Rund 5.000 PPD laut Fahmon.


----------



## CrashStyle (2. August 2008)

bei mir grad 

GPU: 1778PPD hab aber erst angefangen mit den GPU Client! Der SMP will net so bei meinem Q6600


----------



## putzi (3. August 2008)

hmm hab auch (mal wieder) mit dem Falten begonnen. da ich wegen enormer hitzeentwicklung meinen rechner jedoch nicht den ganzen tag laufen lassen kann( ist auch verdammt laut nachts) kommt für meinen x2 3800+(2,5 ghz) der smp client nicht in frage(habe es mal versucht bin aber grandios gescheitert). habe 2x den trayclient laufen und wundere mich gerade warum ich mit beiden kernen zusammen nur 185ppd schaffe. mit smp wären es sogar nur 135ppd. ist das normal?

LG
    putzi


----------



## CrashStyle (3. August 2008)

So viel




			Dieser Inhalt steht nur eingeloggten Mitgliedern zur Verfügung.


----------



## kaputtnix (3. August 2008)

jetzt muss ich auch noch mal meinen senf dazu geben.
da ich erst heute angefangen habe zu falten und einfach mal so ungefragt für team 70335  habe ich natürlich auch noch keine wirkliche erfahrung. 
bei mir sagt fahmon dass mein phenom 169,24 ppd hat. der client läuft im moment aber nur auf einem kern. meine grafikkarte (radeon hd3870) faltet aktuell mit 2073,60 ppd. macht zusammen 2242,84 ppd. wenn ich den herren rechenknecht 24/7 laufen lassen würde. das geht aber nciht, einmal weil mir sonst meine eltern den kopf abreisen wegen der stromrechnung (ja, der phenom ist hungrig), zweitens erzeugt der rechner dabei verdammt viel wärme und drittens um die wärme abzuführen laufen die lüfter auf vollen touren. darum kann und will ich nicht in den dauerbetrieb gehen. vielleicht wenn ich mal ne eigene wohnung habe . aber ansonsten finde ich dieses projekt nicht schlecht, vor allem weil es ja medezinische berechnungen sind, die uns allen im alter eventuell helfen könnten unsere alten tage besser über die runden zu bringen.
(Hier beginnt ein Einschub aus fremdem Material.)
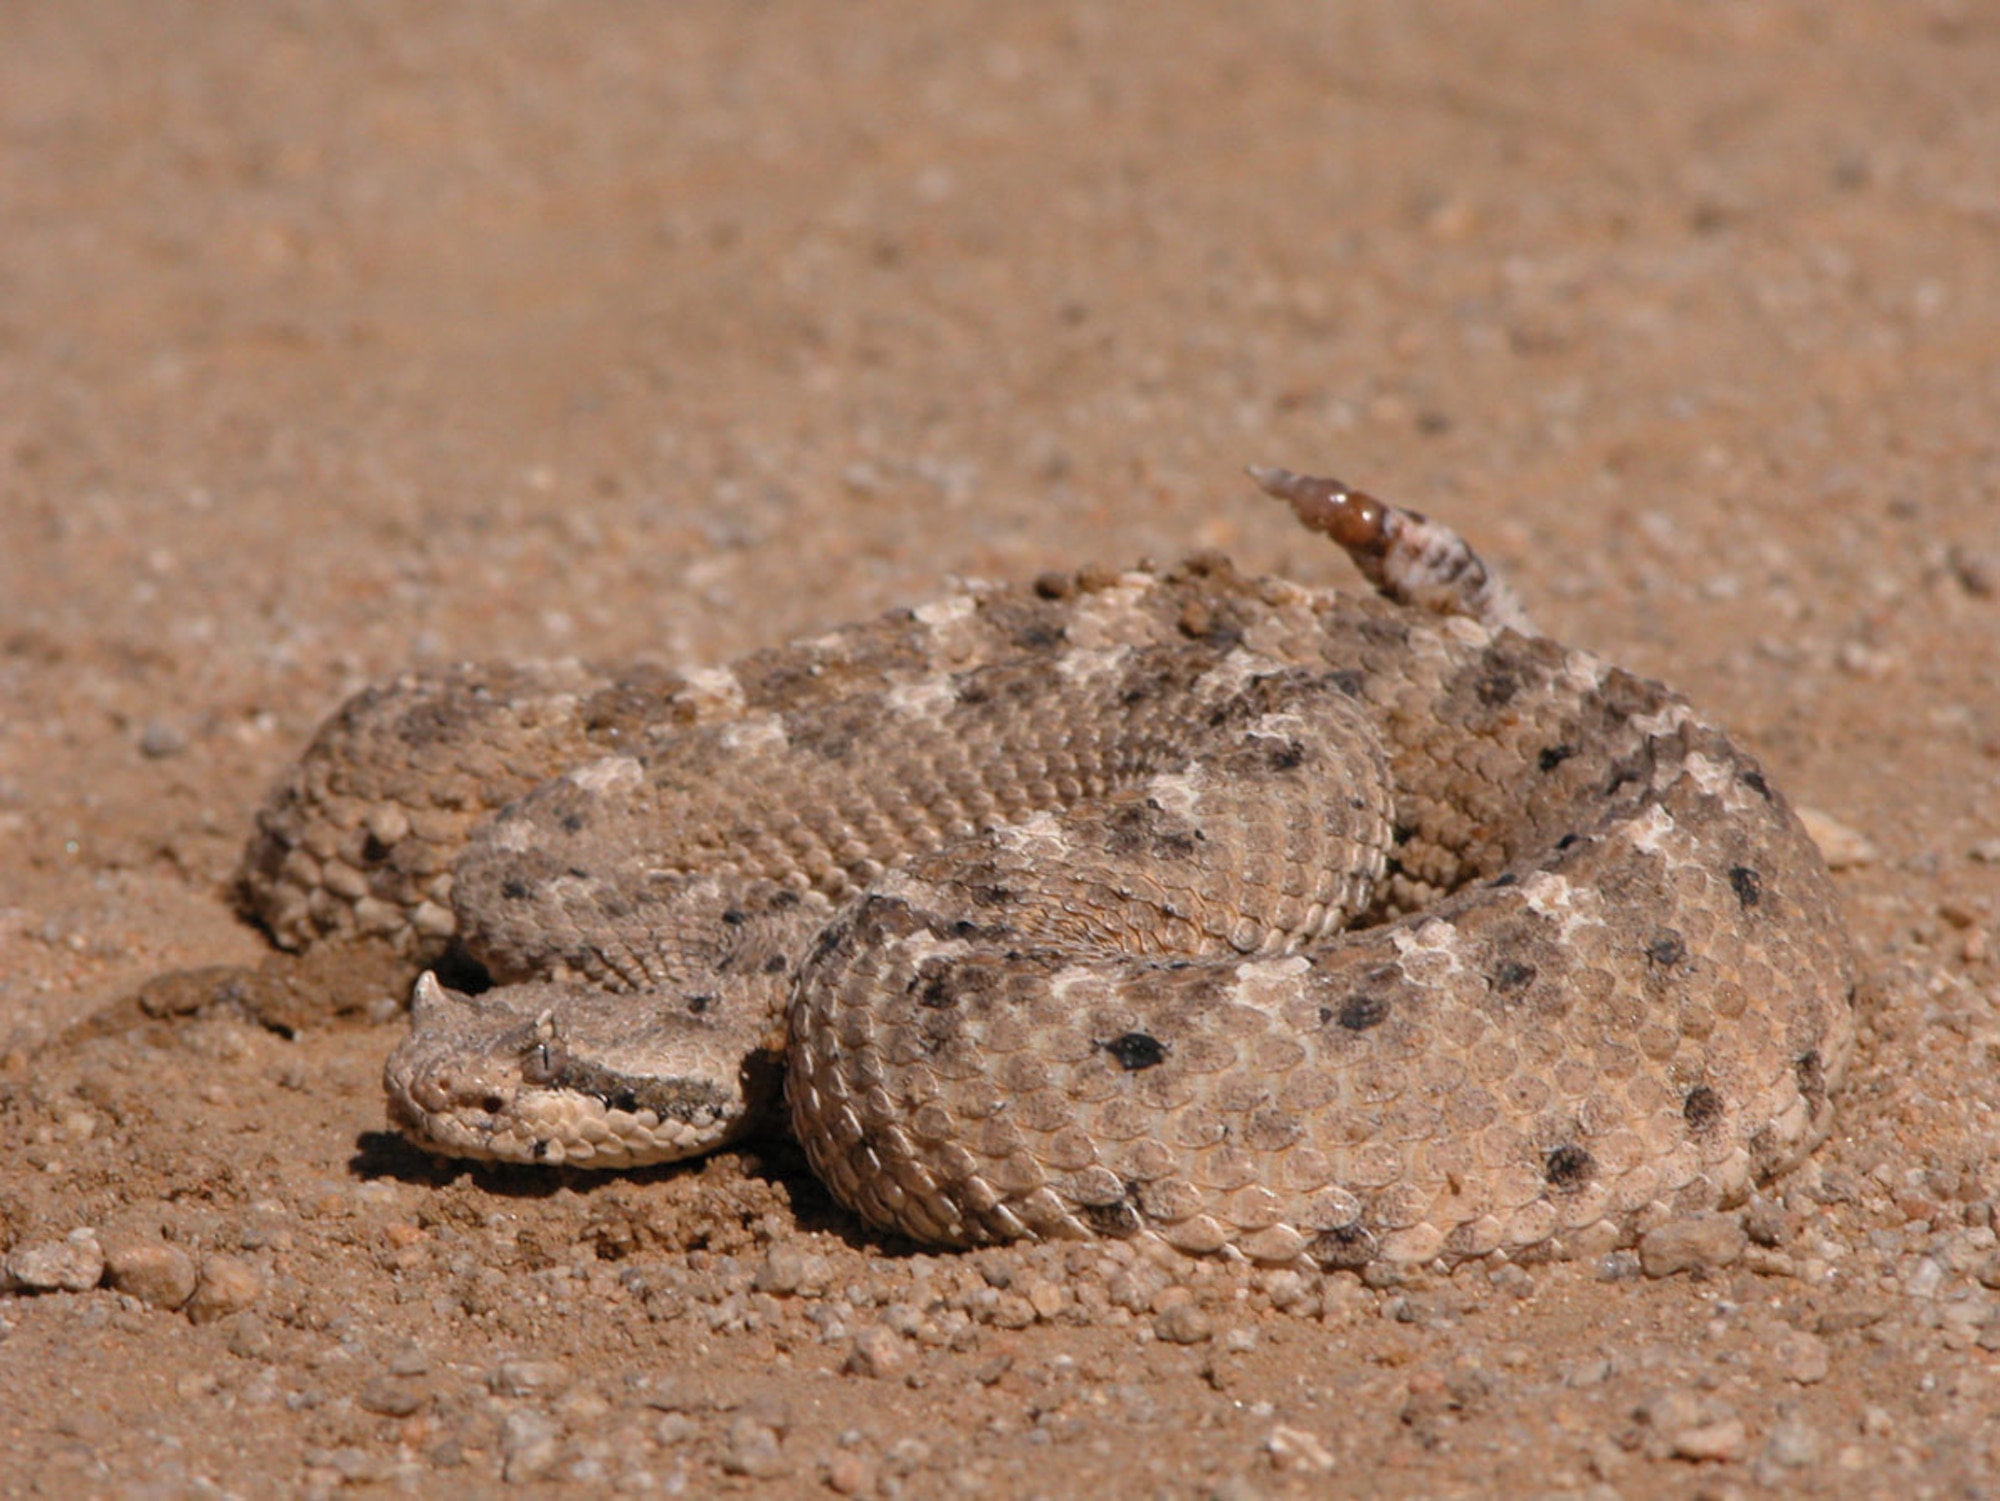 The poisonous sidewinder rattlesnake is one of the many reptiles common to the Mojave Desert area. Other snakes seen here are the Mojave green rattlesnake, the California king snake and the gopher snake. (Photo by Mark Bratton)

so viel erst mal von meiner seite aus
gruß


----------



## Lochti (4. August 2008)

Von heute morgen an bis jetzt nur 1,440 ppd !


----------



## Lochti (4. August 2008)

Lochti schrieb:


> Von heute morgen an bis jetzt nur 1,440 ppd !
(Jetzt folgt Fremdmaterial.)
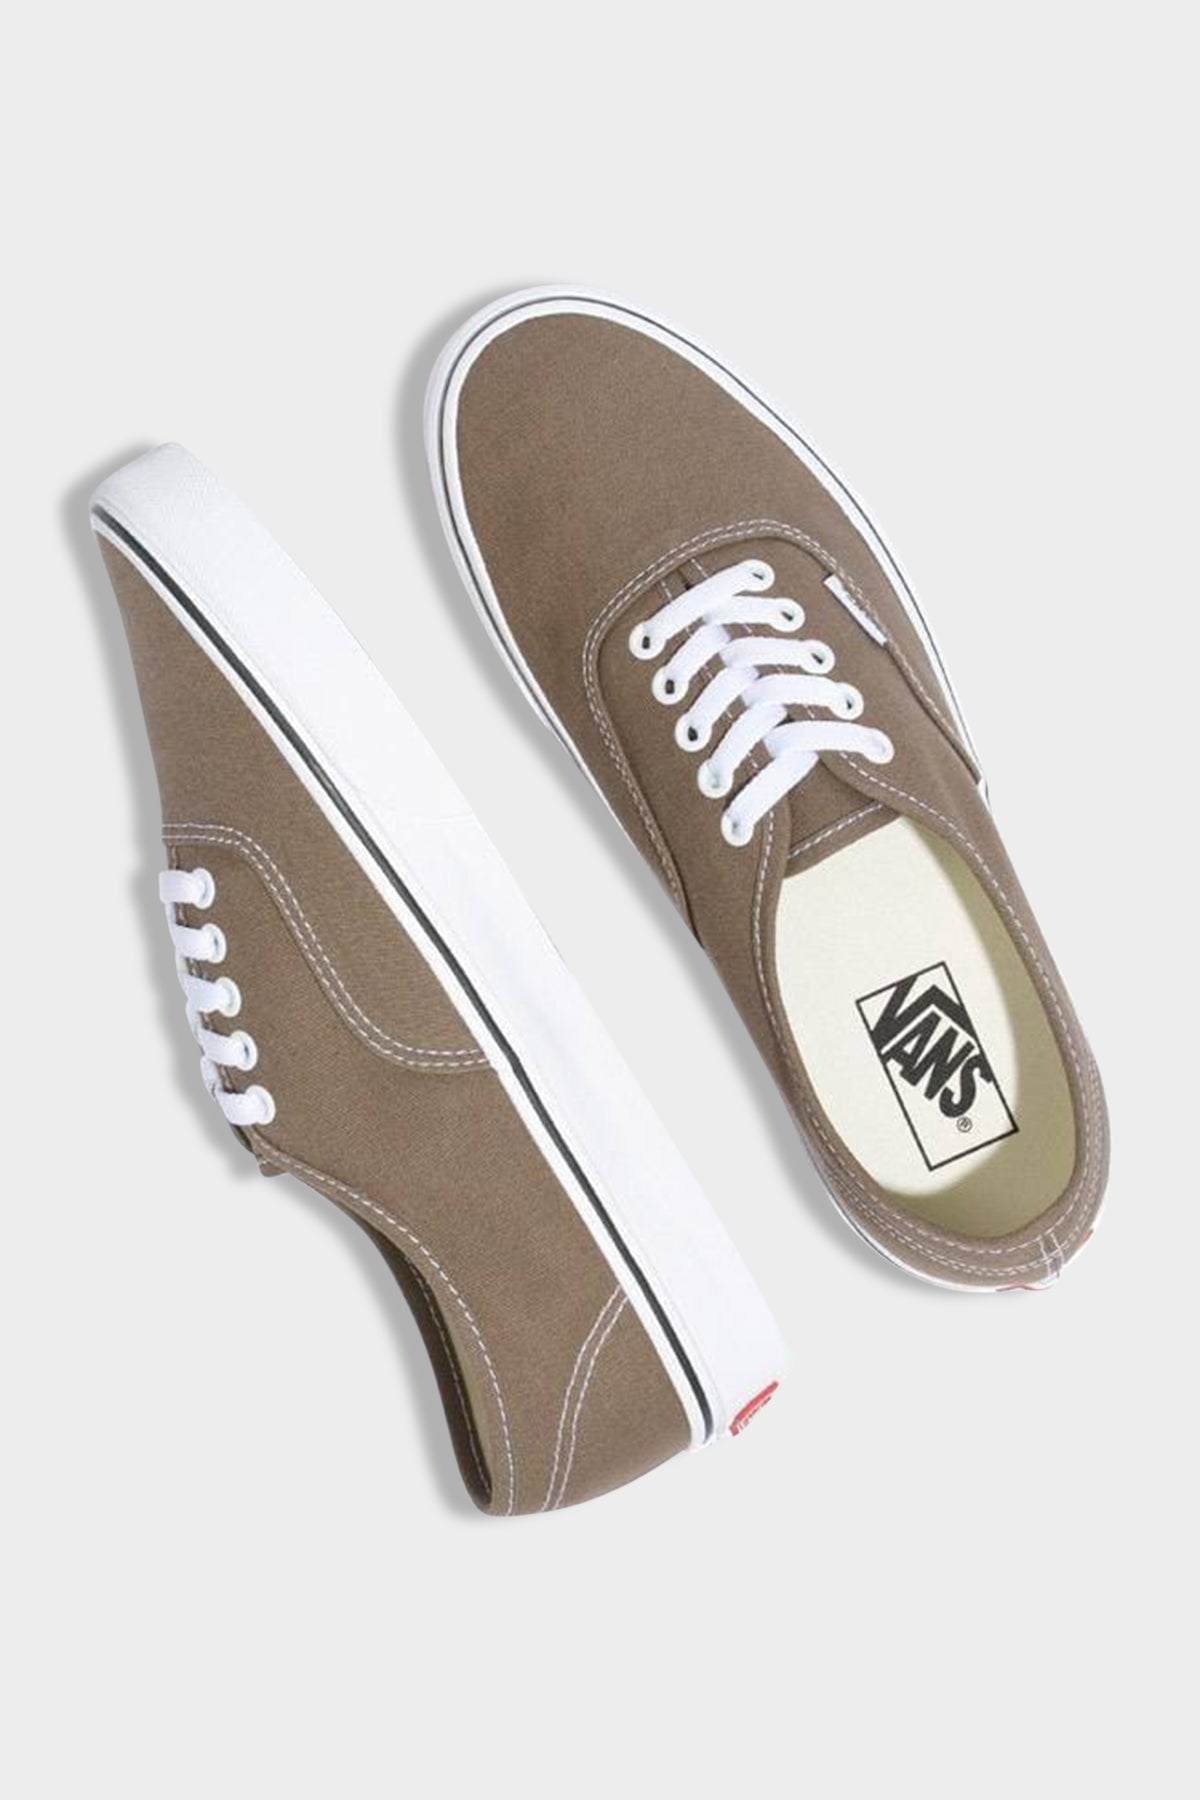 Vans Authentic Color Theory Walnut

 p.s: könnte ich schaffen wenn ich beide rechner am laufen hätte suche ja noch sponsoren für zwei gute graka´s !


----------



## kaputtnix (4. August 2008)

Lochti schrieb:


> p.s: könnte ich schaffen wenn ich beide rechner am laufen hätte suche ja noch sponsoren für zwei gute graka´s !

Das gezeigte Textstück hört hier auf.